Decompression is performed according to the standard set forth in Unicode Technical Report #6

See Also:
  • Field Details

    • fCurrentWindow

      private int fCurrentWindow
      Alias to current dynamic window
    • fOffsets

      private int[] fOffsets
      Dynamic compression window offsets
    • fMode

      private int fMode
      Current compression mode
    • BUFSIZE

      private static final int BUFSIZE
      Size of our internal buffer
      See Also:
    • fBuffer

      private byte[] fBuffer
      Internal buffer for saving state
    • fBufferLength

      private int fBufferLength
      Number of characters in our internal buffer
  • Constructor Details

    • UnicodeDecompressor

      public UnicodeDecompressor()
      Create a UnicodeDecompressor. Sets all windows to their default values.
      See Also:
  • Method Details

    • decompress

      public static String decompress(byte[] buffer)
      Decompress a byte array into a String.
      Parameters:
      buffer - The byte array to decompress.
      Returns:
      A String containing the decompressed characters.
      See Also:
    • decompress

      public static char[] decompress(byte[] buffer, int start, int limit)
      Decompress a byte array into a Unicode character array.
      Parameters:
      buffer - The byte array to decompress.
      start - The start of the byte run to decompress.
      limit - The limit of the byte run to decompress.
      Returns:
      A character array containing the decompressed bytes.
      See Also:
    • decompress

      public int decompress(byte[] byteBuffer, int byteBufferStart, int byteBufferLimit, int[] bytesRead, char[] charBuffer, int charBufferStart, int charBufferLimit)
      Decompress a byte array into a Unicode character array. This function will either completely fill the output buffer, or consume the entire input.
      Parameters:
      byteBuffer - The byte buffer to decompress.
      byteBufferStart - The start of the byte run to decompress.
      byteBufferLimit - The limit of the byte run to decompress.
      bytesRead - A one-element array.
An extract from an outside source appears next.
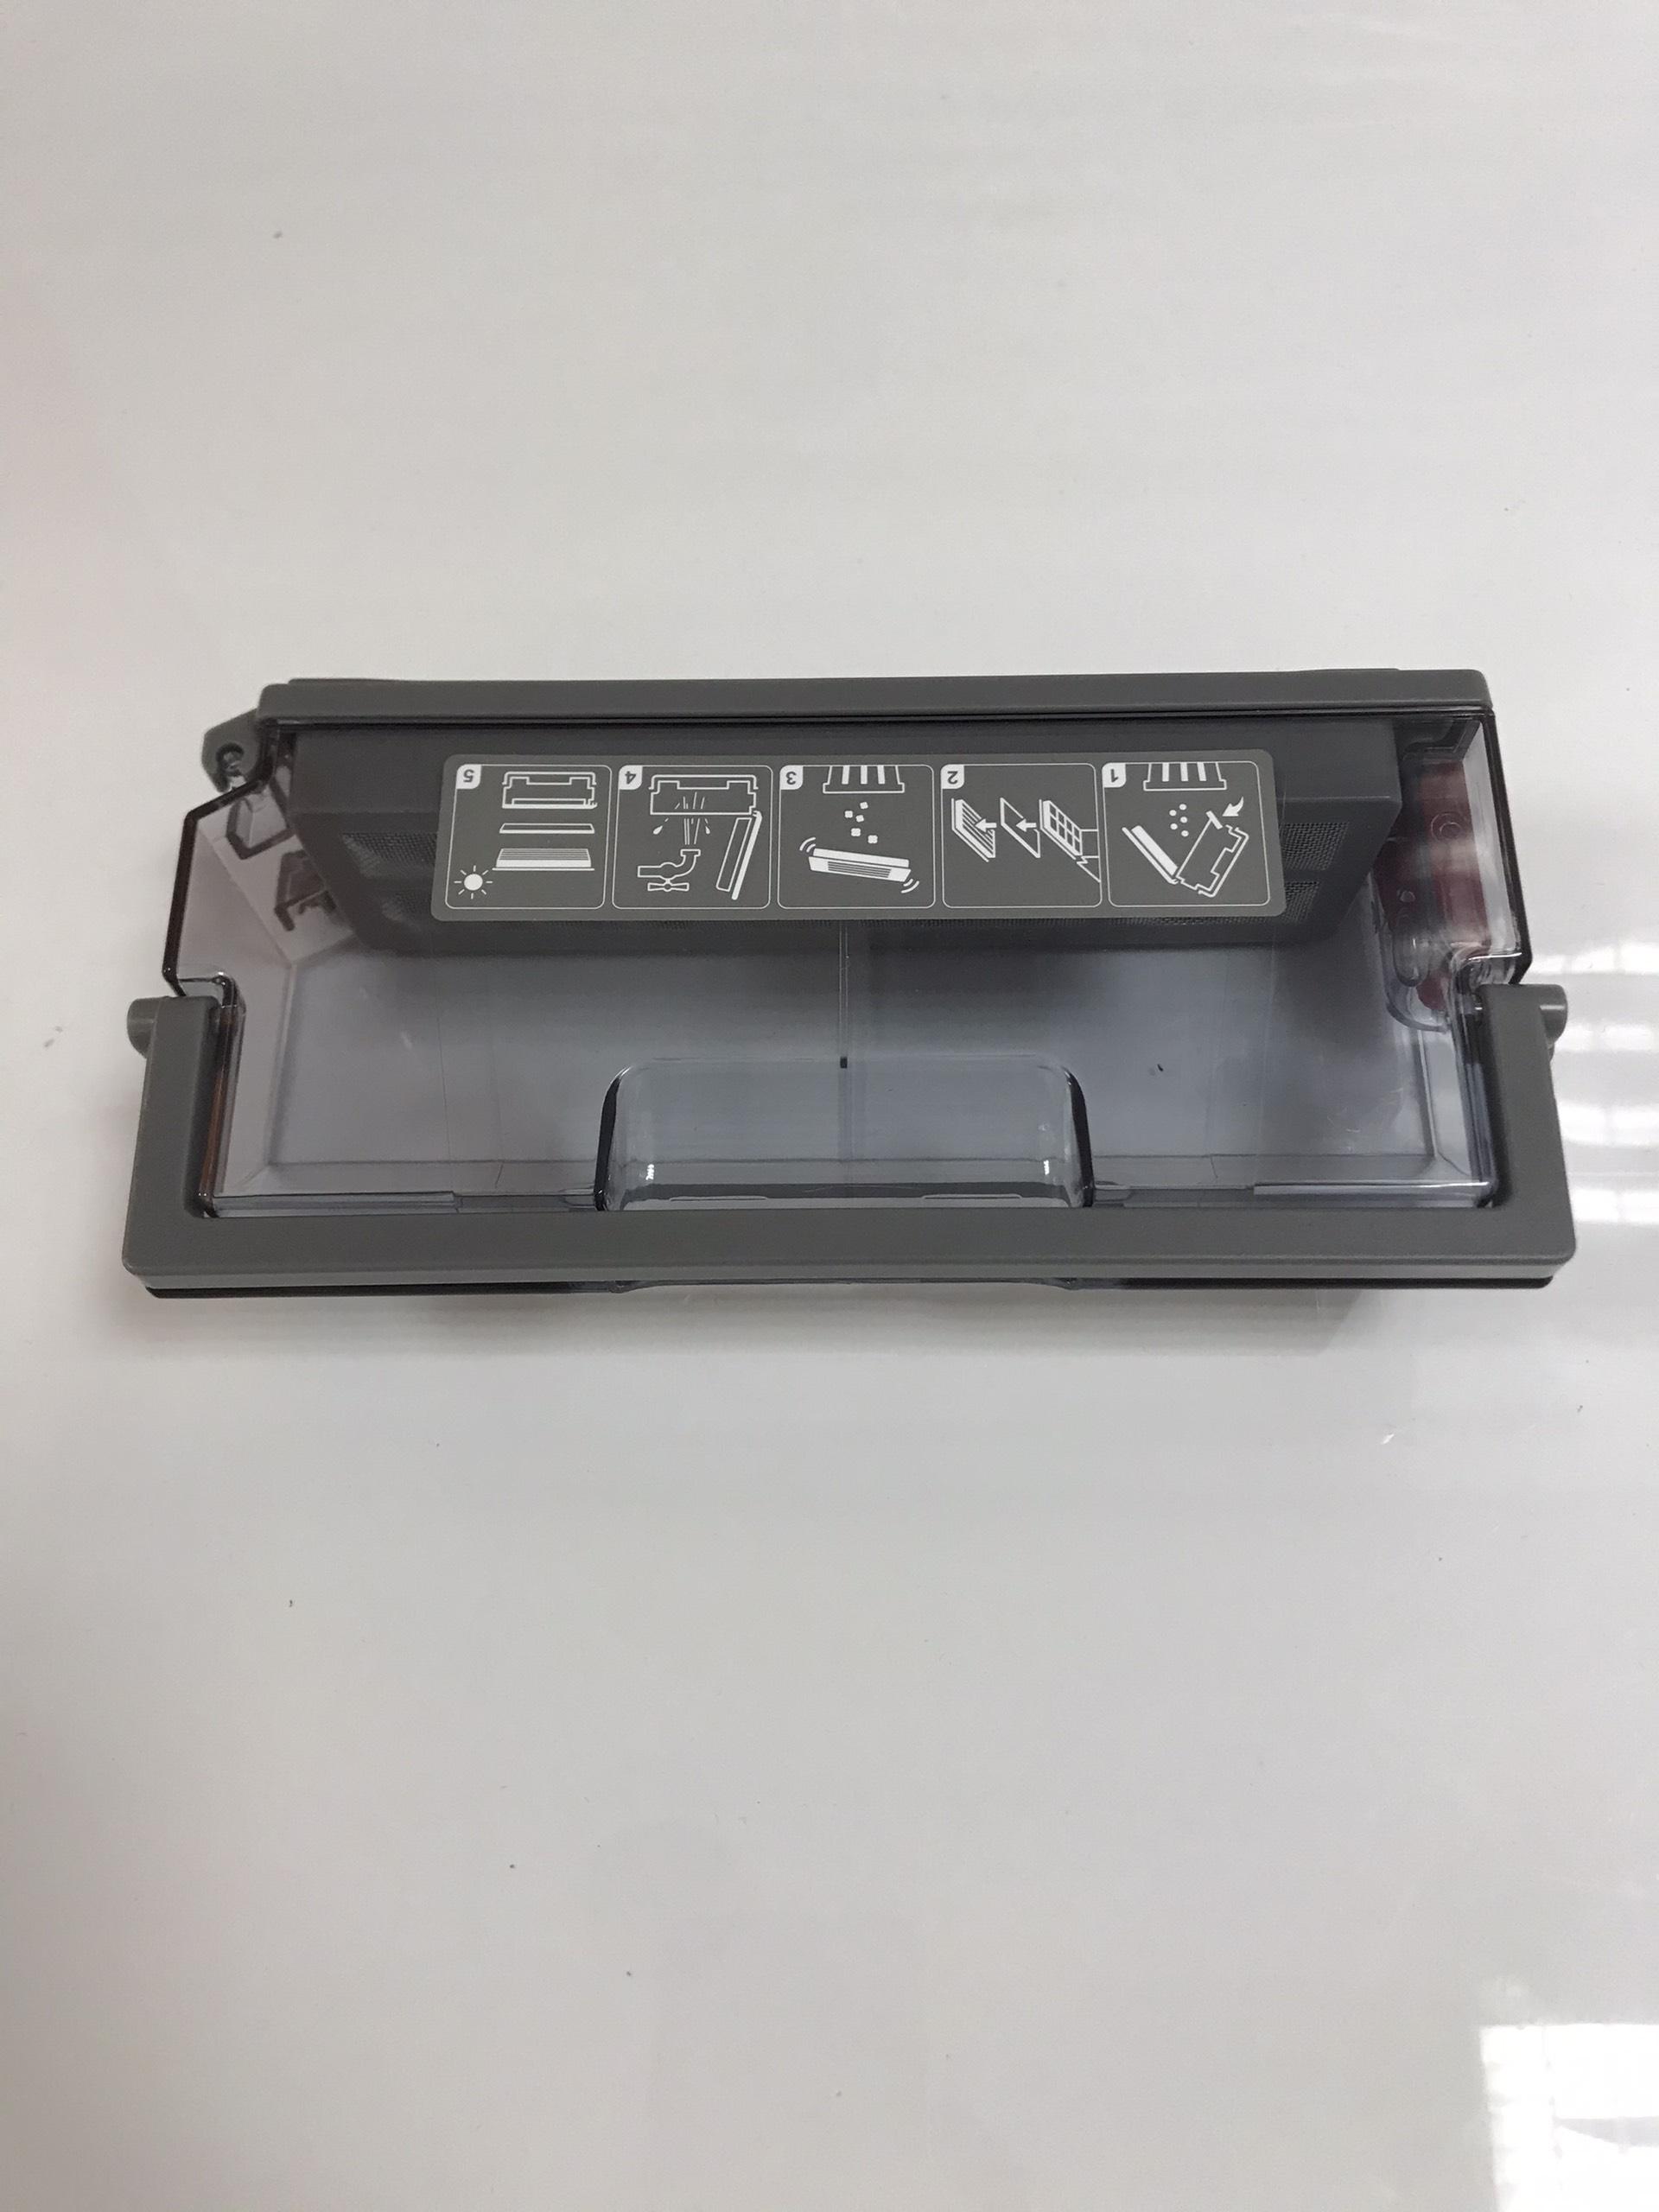 Ngăn đựng rác Ecovacs Deebot OZMO 920/950 - Hàng Chính Hãng

If not null, on return the number of bytes read from byteBuffer.
      charBuffer - A buffer to receive the decompressed data. This buffer must be at minimum two characters in size.
      charBufferStart - The starting offset to which to write decompressed data.
      charBufferLimit - The limiting offset for writing decompressed data.
      Returns:
      The number of Unicode characters written to charBuffer.
    • reset

      public void reset()
      Reset the decompressor to its initial state.